Financial Economics: A Wake-up Call
Commentary Newsletter / April 2007
In 1998 The Actuarial Foundation published a 669-page textbook, Financial Economics with Applications to Investments, Insurance and Pensions that its editor described as suitable for a two-semester course at the early graduate school level. The title page with the imprimatur of The Actuarial Foundation included the words Preparing for tomorrow’s possibilities. That tomorrow may perhaps now have arrived, some nine years later, with the publication of Pension Actuary’s Guide to Financial Economics prepared by the Joint American Academy of Actuaries and Society of Actuaries Task Force on Financial Economics and the Actuarial Model.
The 1998 text was motivated by the explosive growth of financial economics over the preceding half-century. Its foreword stated: “It is clear that actuaries need to enhance their education about these new ideas if the profession is to keep its eminent position in planning and managing financial security systems.” The hope was expressed that the book would enable actuaries to “send a powerful communication that they have the intellectual tools to solve modern financial security problems.” The book comprised eleven chapters written by a ten-member team of distinguished academic authors from three continents, four nations, and eight universities. The authors succeeded in presenting the principal ideas underlying financial economics, including: financial markets; derivative securities; interest rate risk and immunization; equilibrium pricing; no-arbitrage pricing theory; options and derivatives; term structure models; portfolio selection; investment return models; and option pricing in continuous time. The book was immediately recognized as a significant contribution to the actuarial literature by a small number of actuaries, mainly in the academic community, and those PhD actuaries engaged in pension, insurance and social security work, but was not widely acknowledged, fully-appreciated, or perhaps, understood, by many practitioners who did not immediately recognize the significance of financial economics or what its implications would be for traditional actuarial models and practices. The intervening years since 1998 have seen a gradual acceptance and appreciation of financial economics by an increasing number of actuaries as its new concepts and terminology have become more widely incorporated into the actuarial practitioner’s toolkit and vocabulary.

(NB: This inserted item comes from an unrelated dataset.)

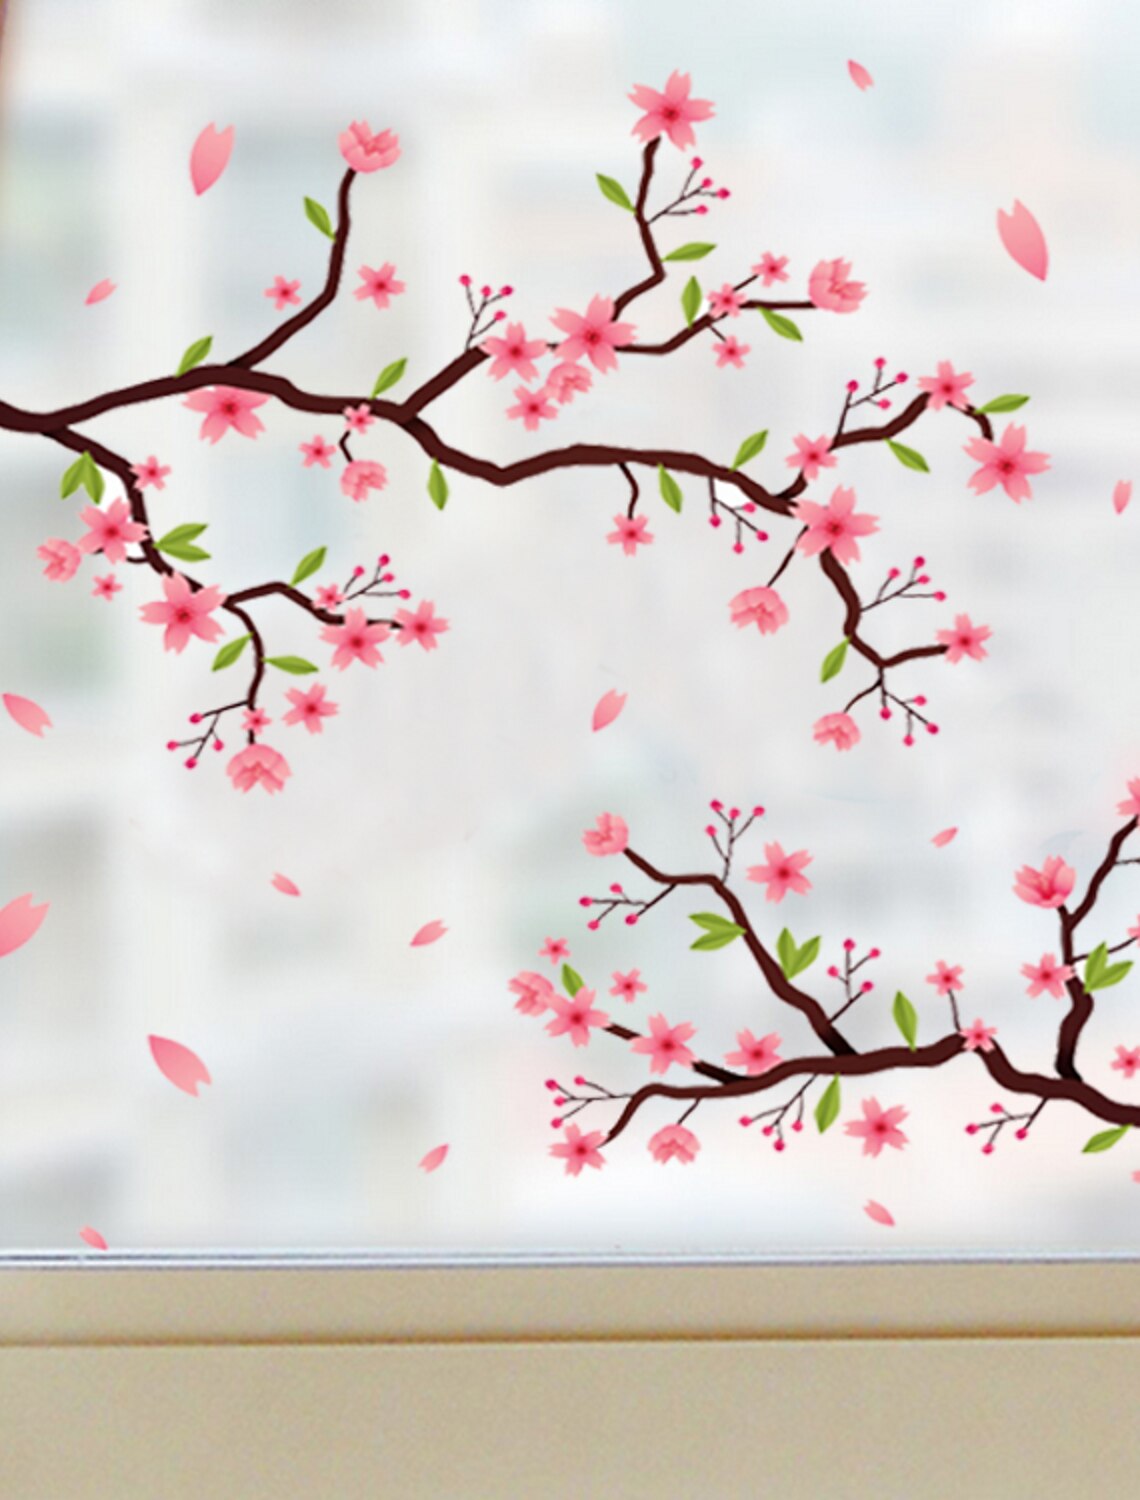 Frosted Cling Screen Translucent Window Glass Film Sticker for Bathroom Living Room 60cm x 58cm Blur Ink Painting Flower 
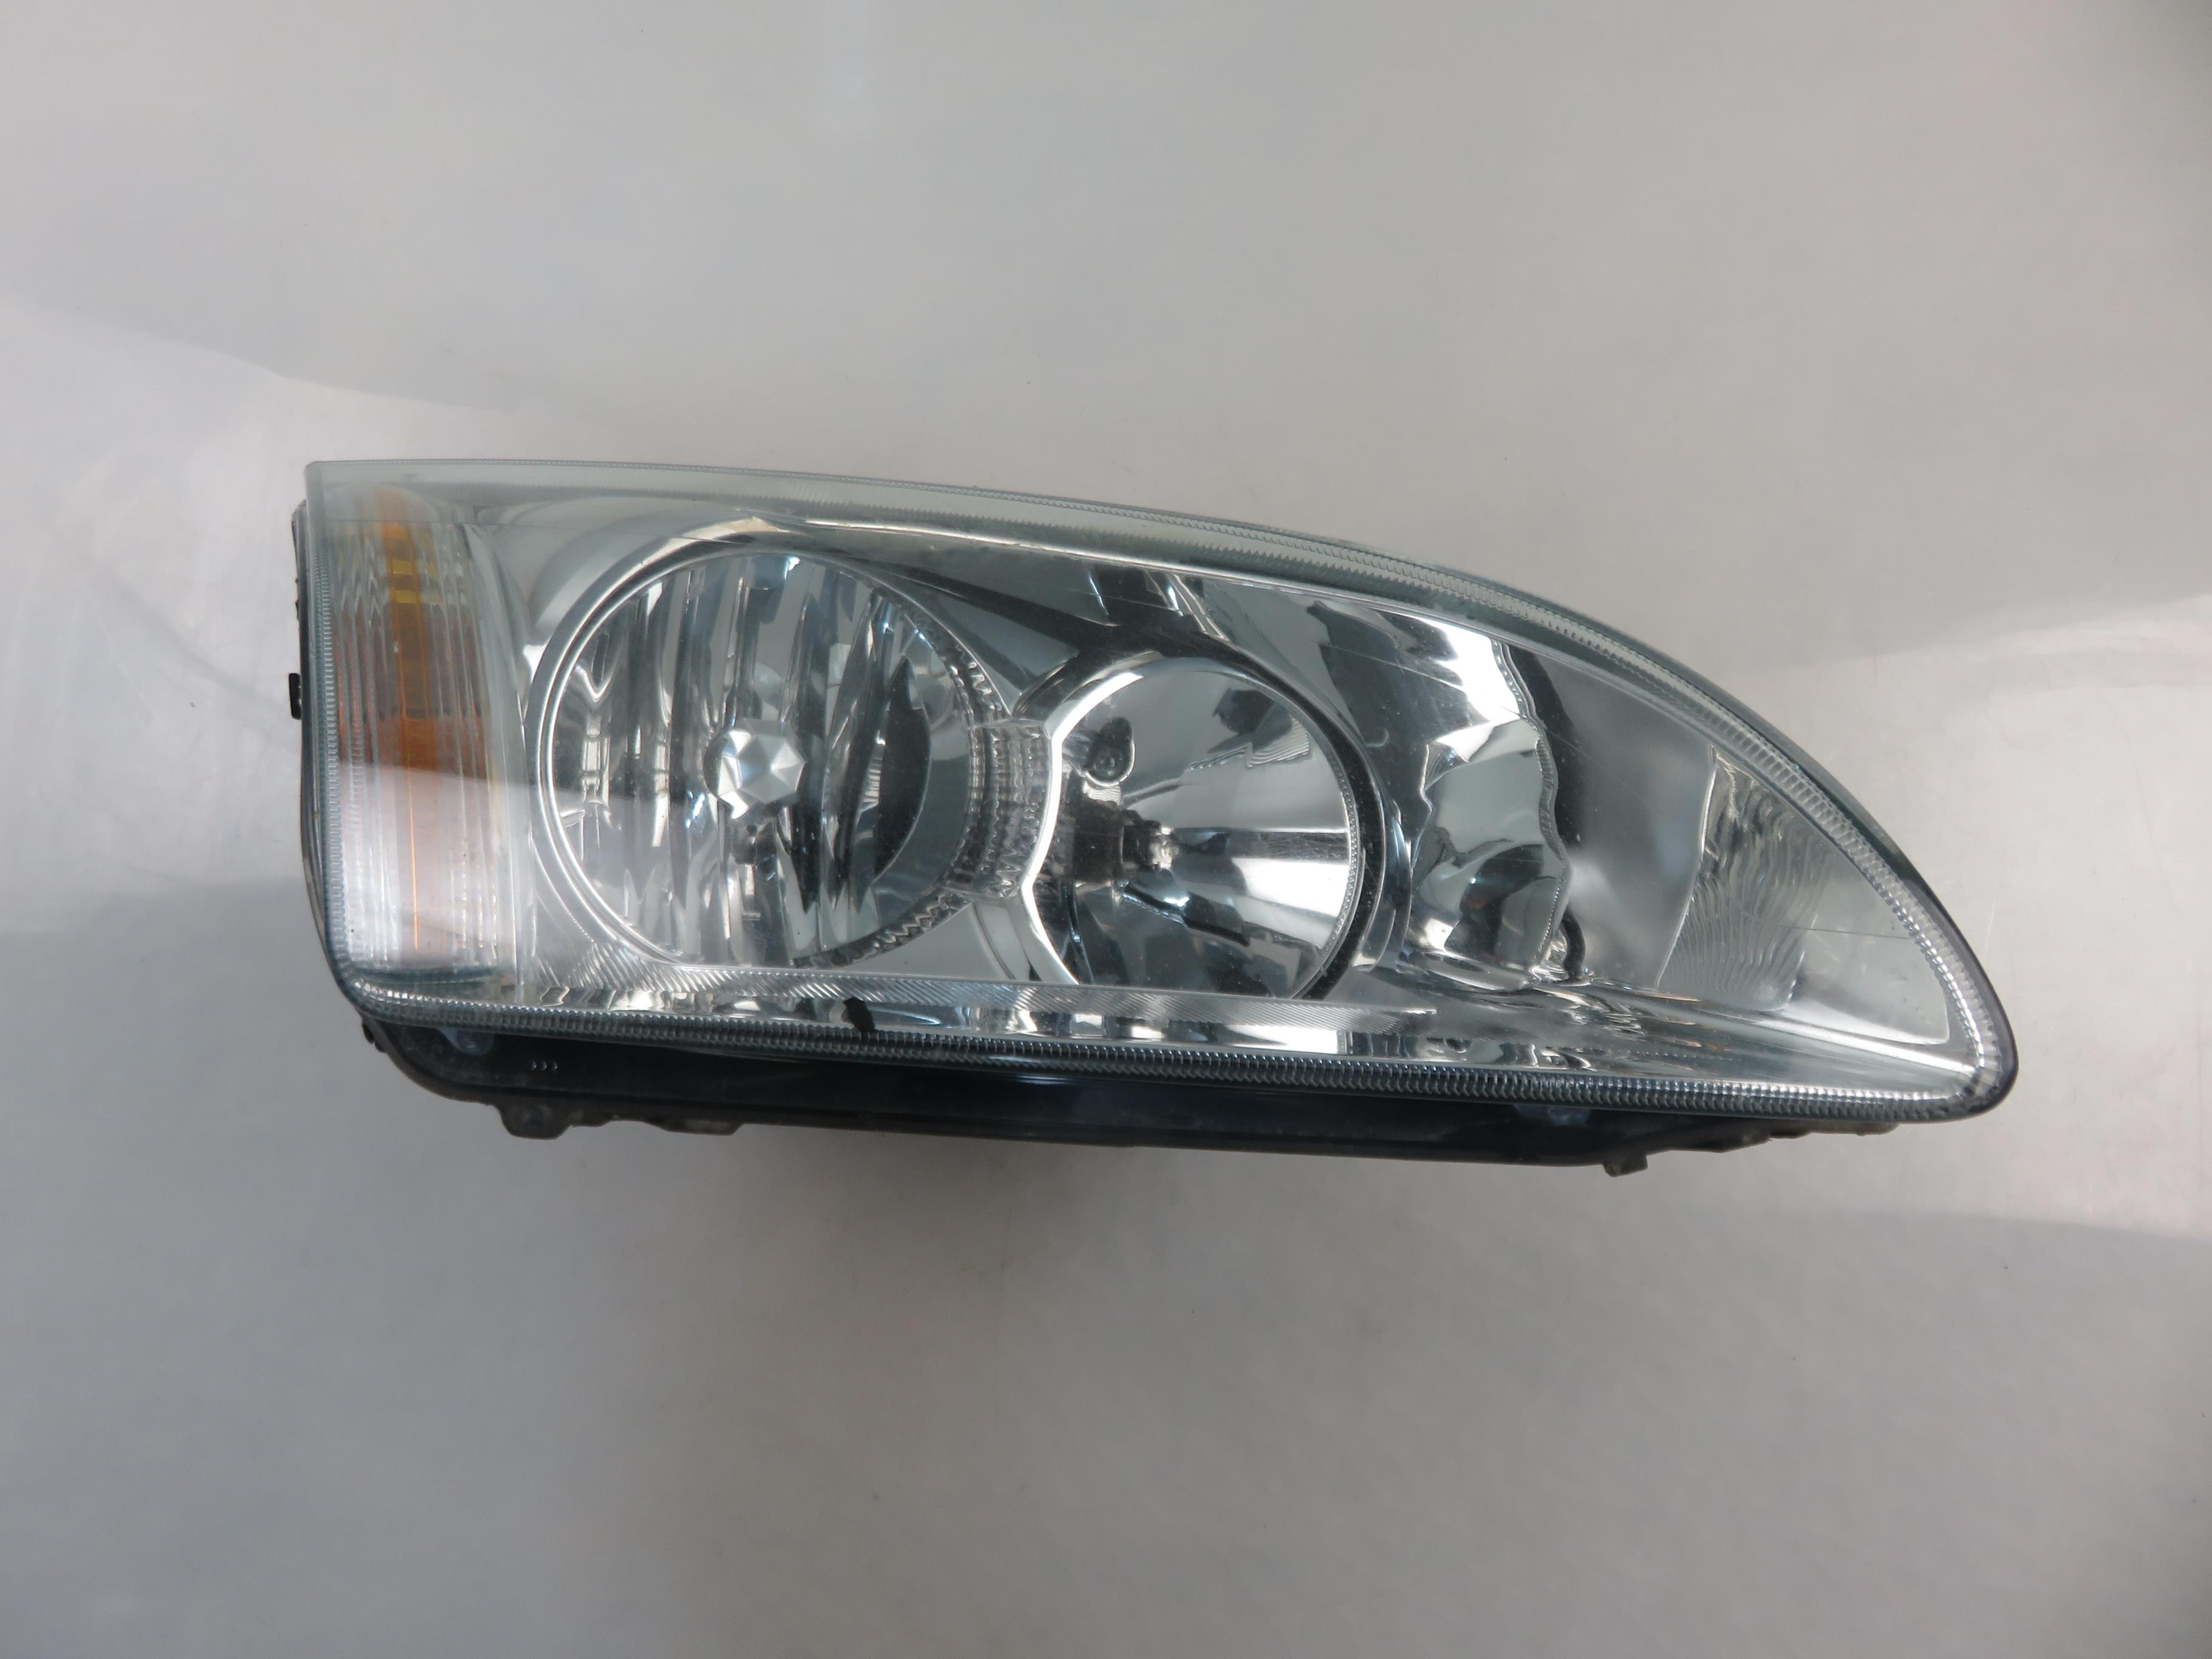 FORD Focus 2 generation (2004-2011) Front Left Headlight 4M5113W029AC 23564355

The terminology of option pricing, the Black-Scholes model, interest rate swaps, securitization, equilibrium pricing, no-arbitrage pricing, derivative valuation, lattice models, dynamic hedging, yield curves, capital-asset pricing model, autocorrelation, Brownian motion, martingales, etcetera are all now relatively commonplace for today’s well-informed practicing actuary, whereas a decade ago these terms we re generally regarded as mysterious, and even with suspicion or as irrelevant to actuarial practice.
What was missing until now is a simple-to-understand introduction to financial economics for the non-PhD actuary. This need has been admirably met with the publication of Pension Actuary’s Guide to Financial Economics. It also serves as a wake-up call for those members of the actuarial profession who have chosen to ignore, or who are in denial of, the significance of financial economics. An important message to the reader appears in the Introduction: “The task force believes it is important for actuaries to consider what financial economics teaches so that (they) can better evaluate (their) practice and role as actuaries. It is not important that every actuary agree with what financial economics says about pension plan management. But in light of the importance attached to financial economics by financial professionals, actuaries should not ignore financial economic theory.”
The Pension Actuary’s guide introduces readers to some basic concepts in modern corporate finance including agency theory and the capital indifference model. It continues with an explanation of pension finance and makes good use of an augmented balance sheet to illustrate the effect of pension plan assets and liabilities, with appropriate tax adjustment, which leads to a focus on the efficacy of equity investment from the perspective of corporate shareholders. This section of the guide offers a quick formula for the analysis of the implied arbitrage to show that it is unaffected by the equity return and how it is proportional to the bond rate, the tax s p read and the complement of the corporate tax rate.
The guide gives good definitions of pension liabilities, distinguishing clearly b e t ween solvency liability, market liability, and budget liability, and presents a visual aid that shows the effect of default risk and discount rates, accompanied by a statement that the challenge for today’s pension actuary is to educate plan sponsors on how to interpret different types of pension liability. The guide devotes separate sections to discussions of pension accounting, pension funding and pension investment, and does an excellent job of making the point that these are three separate aspects of pension management that need to be considered in their appropriate contexts. Perhaps these explanations will help actuaries to see pension fund investment strategy from a financial economics perspective and to fully comprehend the significance of default risk and non-economic discount rates that incorporate an equity risk premium element.